Metamath Proof Explorer

Theorem simpgnsgeqd

Description: A normal subgroup of a simple group is either the whole group or the trivial subgroup. (Contributed by Rohan Ridenour, 3-Aug-2023)

Ref Expression
Hypotheses simpgnsgeqd.1 
|- B = ( Base ` G )
simpgnsgeqd.2 
|- .0. = ( 0g ` G )
simpgnsgeqd.3 
|- ( ph -> G e. SimpGrp )
simpgnsgeqd.4 
|- ( ph -> A e. ( NrmSGrp ` G ) )
Assertion simpgnsgeqd 
|- ( ph -> ( A = { .0. } \/ A = B ) )

Proof

Step Hyp Ref Expression
1 simpgnsgeqd.1 
 |-  B = ( Base ` G )
2 simpgnsgeqd.2 
 |-  .0. = ( 0g ` G )
3 simpgnsgeqd.3 
 |-  ( ph -> G e.

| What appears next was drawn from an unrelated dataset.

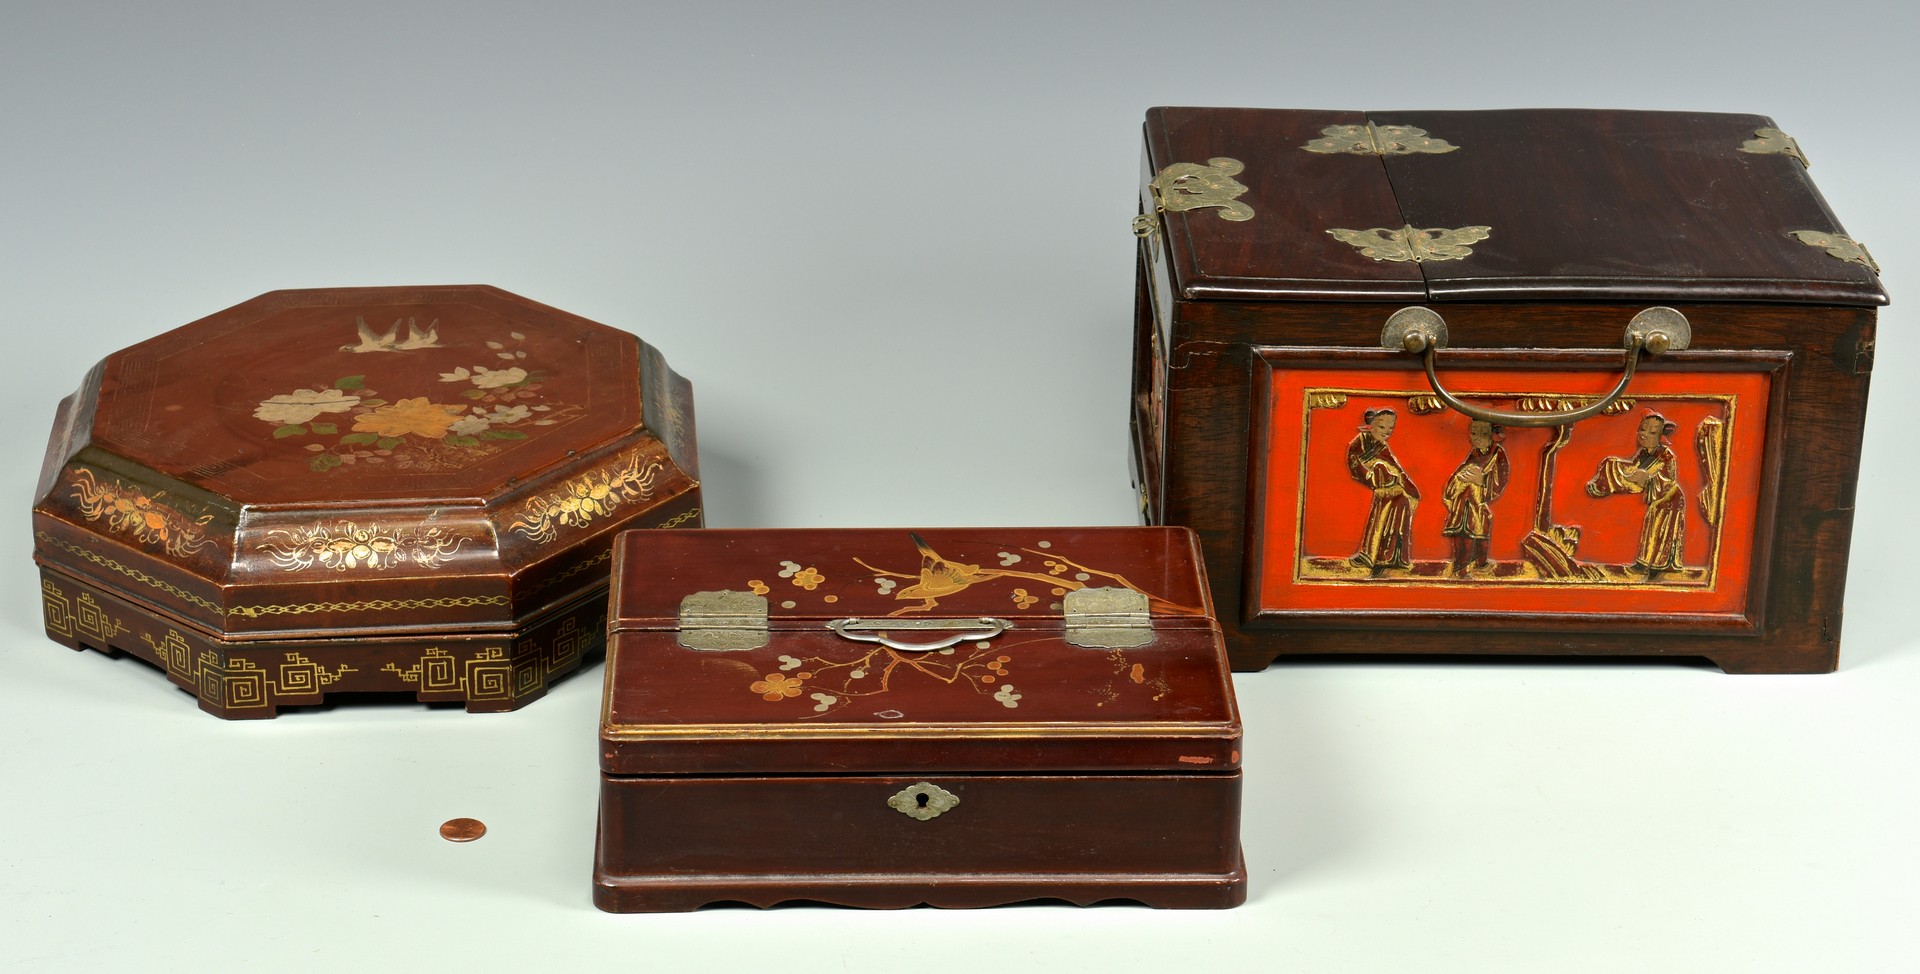 Lot 757: 3 Asian Lacquered Boxes

SimpGrp )
4 simpgnsgeqd.4 
 |-  ( ph -> A e. ( NrmSGrp ` G ) )
5 1 2 3 simpgnsgd 
 |-  ( ph -> ( NrmSGrp ` G ) = { { .0. } , B } )
6 4 5 eleqtrd 
 |-  ( ph -> A e. { { .0. } , B } )
7 elpri 
 |-  ( A e. { { .0. } , B } -> ( A = { .0. } \/ A = B ) )
8 6 7 syl 
 |-  ( ph -> ( A = { .0. } \/ A = B ) )